When she was a student, winter at Hogwarts had been its own kind of wonderful. The forest all trimmed in white, the lake iced over, the snowball fights in the courtyards between classes. She had a particularly fond memory of Fred and George charming snowballs to bounce off the back of Quirrell's turban, which would've been Voldemort's face at the time. (She couldn't rightly remember if that was her own memory anymore, or if that had been one of the stories Harry had told her.)
Winter at Hogwarts as a teacher was both wonderful and awful. There was the much-needed break from teaching and students, but that also meant a break from routine that she had to fill with other things. The cold that seeped through the old stones bothered her the way it hadn't when she'd been a teenager. And the ghosts from the war—so many child ghosts, most of whom she at least recognized from her own time as a student—tended to make her sad at Christmastime the way they didn't during the rest of the year.
"Professor Granger," the headmaster said, appearing behind her in that way of his.
"Headmaster."
"Not being nostalgic, I hope."
"I am always nostalgic on Christmas Eve." She turned so she could see him properly. "It's tradition."
He snorted through his nose, which was his version of Molly Weasley's "pish tosh." She'd told him that once and he'd laughed before he could help himself.
"If you truly wish to wallow in old memories, get the elves to bring you hot chocolate in the library."
"Madam Pince would never have allowed me hot chocolate in the library."
"True, but she can't bar you from it now. And you look cold."
"Winter eats through me like it didn't when I was a student."
"Yes. Such age. Surely, you will turn brittle and fall apart. I'll have to acclimate somebody else to the supply cupboards then," he said, sarcastic. "How tedious."
She shot him a glare, but took up his suggestion and headed for the library. It was true enough that Madam Pince couldn't tell her off for having a mug of hot chocolate so close to the books, not only because she was the deputy headmistress now but because Pince had gone to her sister's for Christmas.

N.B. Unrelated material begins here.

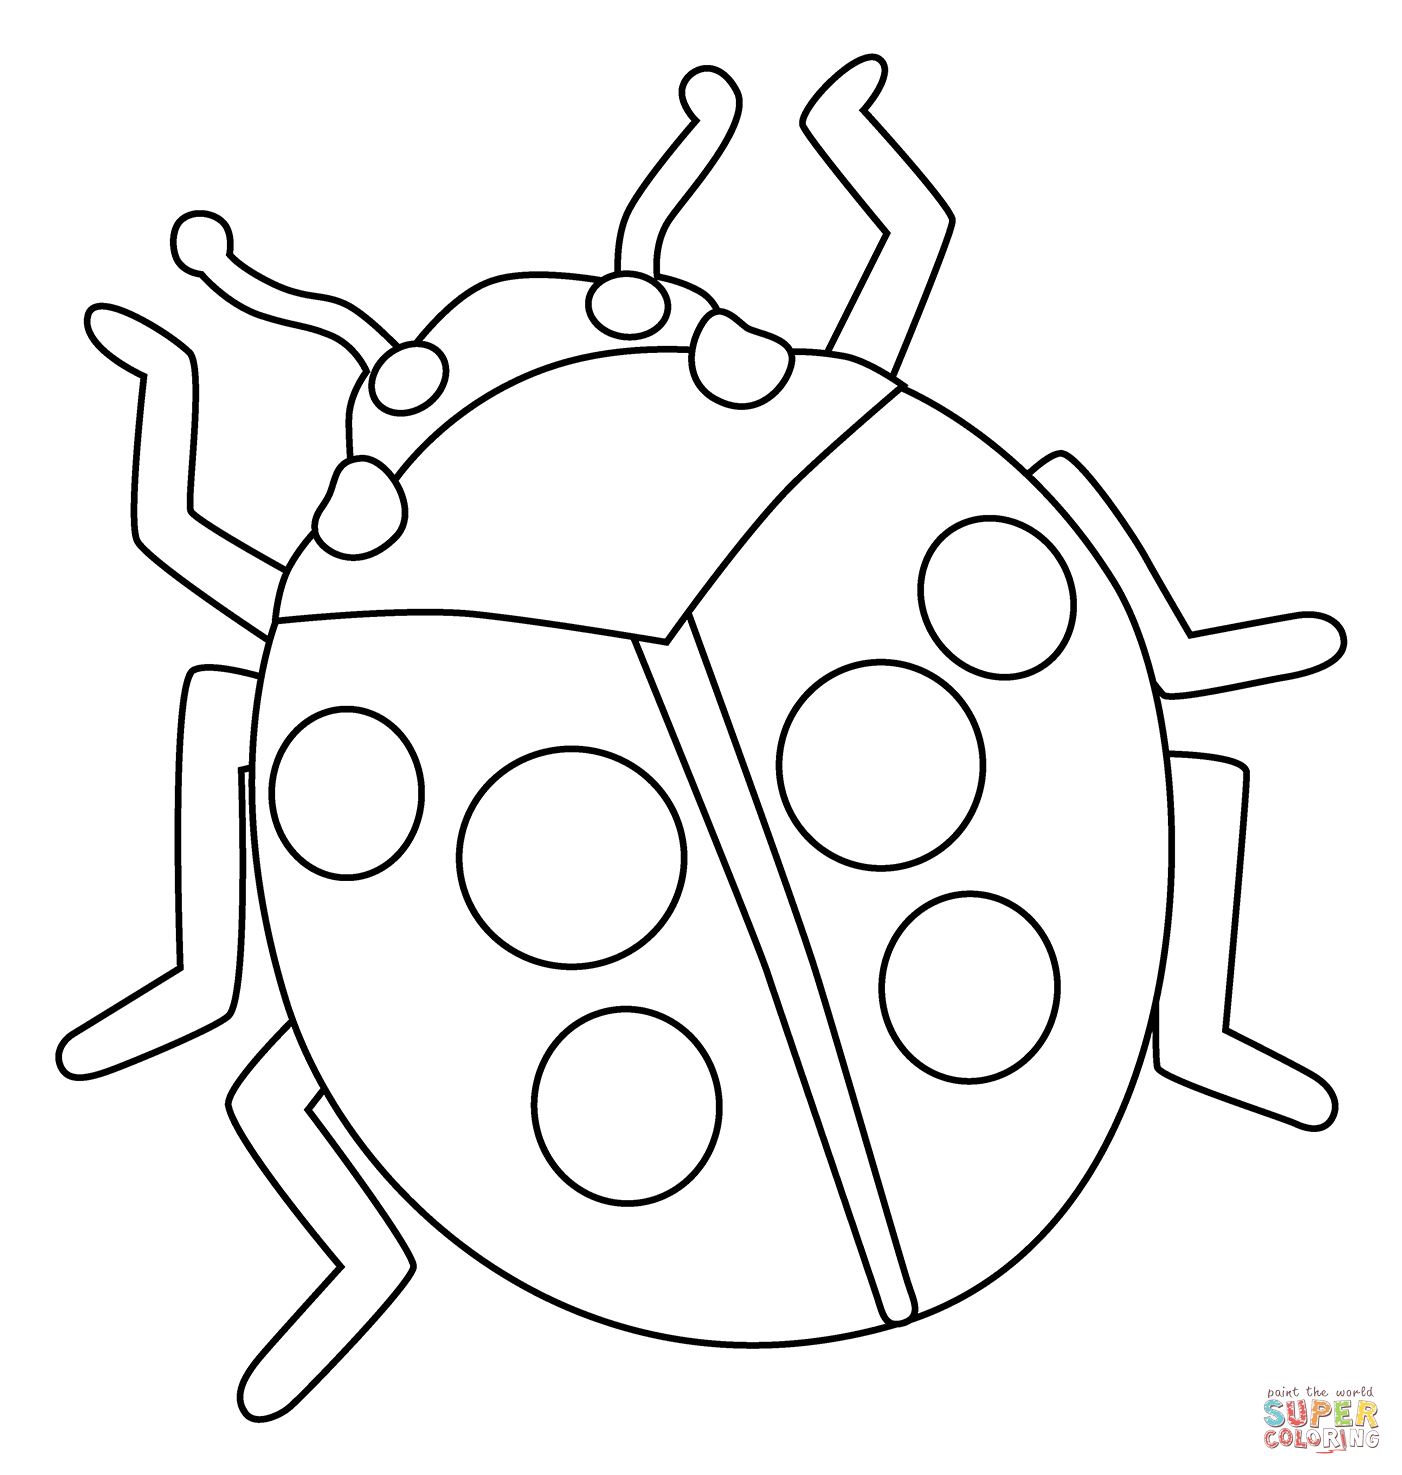 Lady beetle emoji coloring page free printable coloring pages

"Has the castle ever been this empty at the holidays?" Hermione asked once they'd settled in the library. It was much warmer; the elves had kept the fire going near her favorite reading alcove. She made herself comfortable in the wingback she preferred, her feet propped up on the ottoman near the fireplace. Her knee, which had ached in the cold since the war, began to hurt less.
"Not in living memory," the headmaster said, comfortable in his usual place next to the fireplace. The warm red light glinted off his silvered hair as he gave the impression of both leaning against the mantle and looming over her. She'd stopped trying to get him to knock it off years ago, and had gotten her own revenge for his obnoxiousness by ignoring it entirely; before long, he would make himself more comfortable without the looming.
"And in yours?" she teased.
He rolled his eyes. "No, Granger. It has never been this empty over a break."
She shrugged and looked at the fire instead of him. Her eyes were probably dancing impishly or sparkling with amusement or something, and it would get on his nerves if she looked at him directly. He was amusing, though. In his own way. Once she'd gotten past his prickly exterior and begun paying attention to his actions instead of his words, they'd got on very well.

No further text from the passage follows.